Defendants Rita Myles, Rashida Lyles, and Tina Weisz worked in Dr. Werther’s office and allegedly helped facilitate and verify the prescriptions; defendants Gerald Brinkley and Darrah Robinson allegedly aided Stukes in the running of the drug organization; drivers for the Stukes organization include defendants Herbert Hughes, Carlos Richards, Warren Johnson, Gregory Johnson, Claude Nolan, and Darrell Hendricks; charged as bulk pill buyers are Timothy Peden, Troy Fletcher, Christopher Pizzo, Ato Strong, Sylvester Adams, Jason Romm, James Lyles, and Michael Sanders.
Charged in the indictment as ‘pseudo patients’ are: Zaniah Beard, Donald Brown, Kim Carter, Andre Dawkins, Evette Gringrow, Leon Harris, Denise Hawkins, Ronnie Jackson, Carla Jenkins, Beatrice Lewis, Michael Littlejohn, Vernell McDaniels, Eric Perry, Mark Reid, Michael Rominiecki, Wayne Rucker, Patricia Simmons, Lawrence Stith, Debra Stukes, Viola Stukes, Steven Thompson, Eric Treadwell, Julia Turner, Geraldine Watkins, Yolanda Williams, Lamont Butcher, Khaliff Headen, Sophia Holder, Latoisha Jones, Dawn Little, and Derek Stukes. These 31 pseudo patients are charged with conspiracy to distribute controlled substances and numerous counts of health care fraud.

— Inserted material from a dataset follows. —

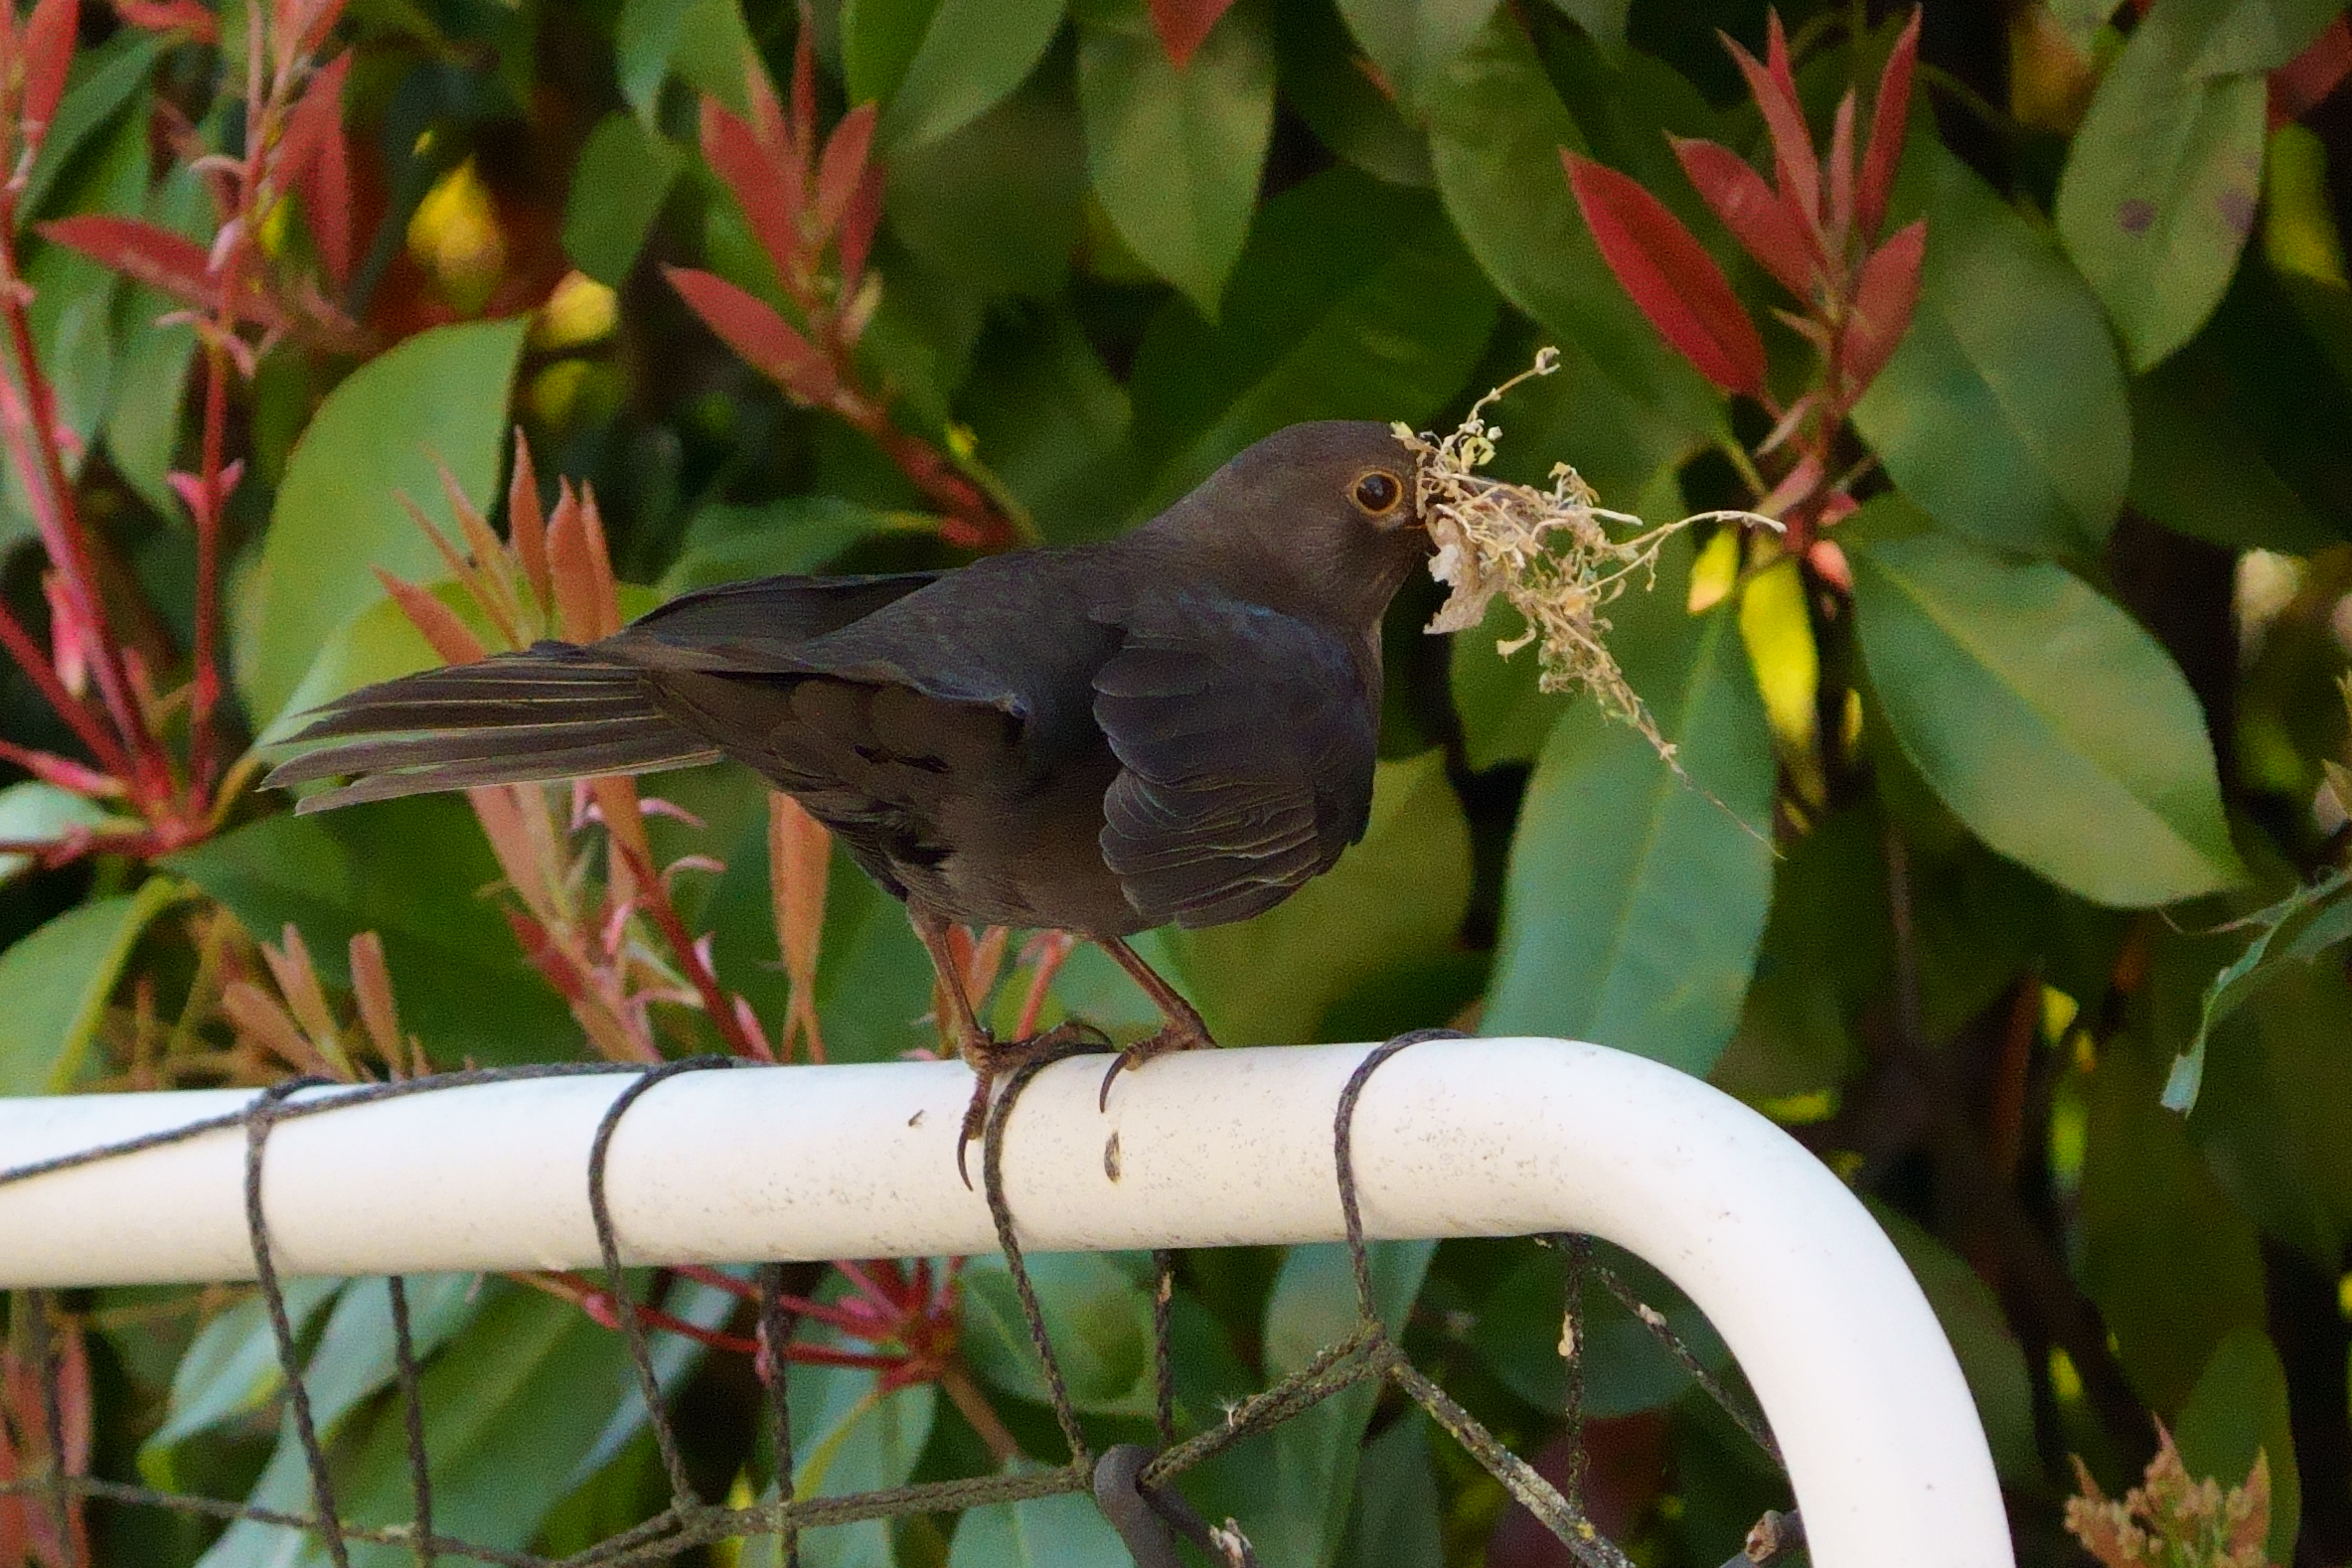 Female blackbird in nest construction...

“This case underscores the magnitude of the prescription drug abuse problem facing the United States today,” said Bryfonski (DEA). “The drugs in this case, when abused, can bring about the same tragic consequences as cocaine and heroin. Even more disturbing, the alleged deception involved suggests that those sworn to treat and administer to the sick can be drawn into a criminal web of drug trafficking for personal gain.”
“The abuse of prescription medications has become a major public health crisis fueled by fraud,” said DiGiulio (HHS-OIG). “All too often prescriptions have no real medical purpose, are fraudulently billed to our health insurance programs, and then sold on the street to drug abusers. Today’s arrests, carried out with our law enforcement partners, are intended to serve justice.”
“Doctors and pharmacists who illegally dispense narcotics and other controlled substances are no different than street corner drug dealers,” said Venizelos (FBI). “These types of heath care fraud schemes not only divert limited resources from patients that really need and deserve care, they also endanger people’s lives.”
The crimes of conspiracy, distribution of controlled substance, possession with intent to distribute, and money laundering each carry a maximum possible sentence of 20 years in prison; health care fraud and aggravated structuring each carry a maximum sentence of 10 years in prison; structuring financial transactions carries a maximum possible sentence of five years in prison. Each defendant also faces possible fines, periods of supervised release, and special assessments.